I'm just calling him 'Little Fish' for now. Looks like he's gonna be teal maybe? I've had him for 2 days. He's the smallest pet I've ever owned!

He's a little pale here because I'd just recently changed his water but he brightened back up toward the end. He posed for some of the pictures very nicely. :-D


----------



## Fawnleaf (Aug 31, 2010)

Aww! He's so cute! Hopefully with good care and attention he will brighten up quick! They are really hard to take care of but it looks like you are doing an excellent job!


----------



## Boikazi4o9 (Jan 24, 2012)

He look like a she :lol:. But congrat on the new fish : )


----------



## Shirleythebetta (Jan 9, 2012)

Glad to see you have a new little one! Word of caution though about those castles. I just had to remove one from my tank because the inside of the entrance was very very sharp and tore one of my girls fins up.


----------



## EmilyN (Jan 22, 2012)

Shirleythebetta said:


> Glad to see you have a new little one! Word of caution though about those castles. I just had to remove one from my tank because the inside of the entrance was very very sharp and tore one of my girls fins up.


Thanks for the warning about the castle. I made sure to check for any sharpness before buying it. It did have a couple of spots that I ended up filing down to ensure that it wouldn't hurt a fish. Hopefully I did good enough. I did have it in my last betta's tank and he never hurt himself on it. Thank you again, I truly appreciate the concern.


----------



## Shirleythebetta (Jan 9, 2012)

good, at least you were smarter than me. I had it for my other community tank that had tons of different fish (no bettas) so I stuck it in the betta tank. I learned from it so thats the important thing I guess and she is healing wonderfully from my mistake.


----------



## EmilyN (Jan 22, 2012)

Learning the hard way. It's never fun. But like you said, at least you learned.
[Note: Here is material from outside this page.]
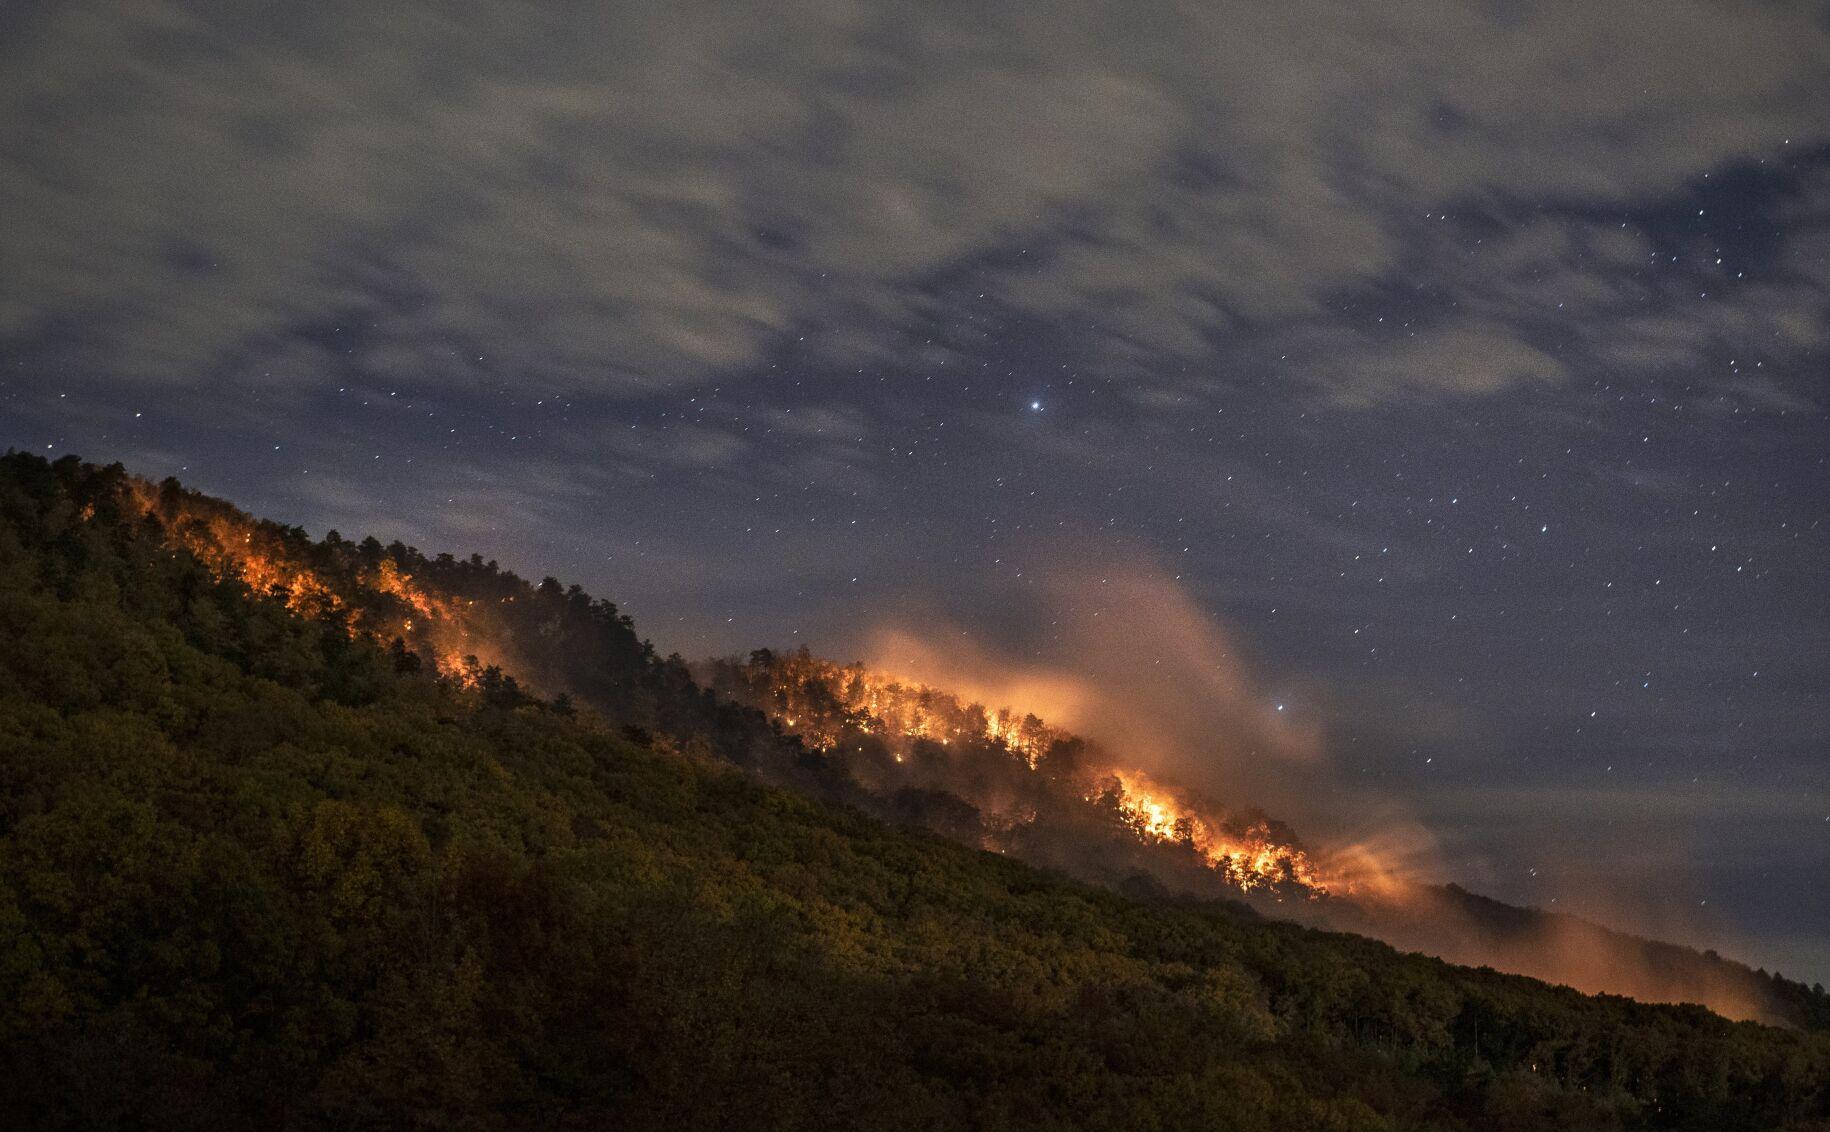 The fire on Sauratown Mountain in Stokes County has now burned 15 acres

And when you do check for sharpness on any new decoration, if it had only a few small spots, just file them down with a nail file or rough sand paper. Works like a charm


----------



## EmilyN (Jan 22, 2012)

My baby's fins are growing more every day and he (might be a she, but I refer to it as a him for now) is quickly getting more colorful. His fins had no color to them when I got him and today they have a beautiful blue-ish shimmer to them. His body only shows color when his scales catch the light just right but I can clearly see the color of the fins. And it looks like he just might be a CT. I figured he was a VT but today I noticed the points beginning to show. What an exciting thing it is to raise a baby betta!


----------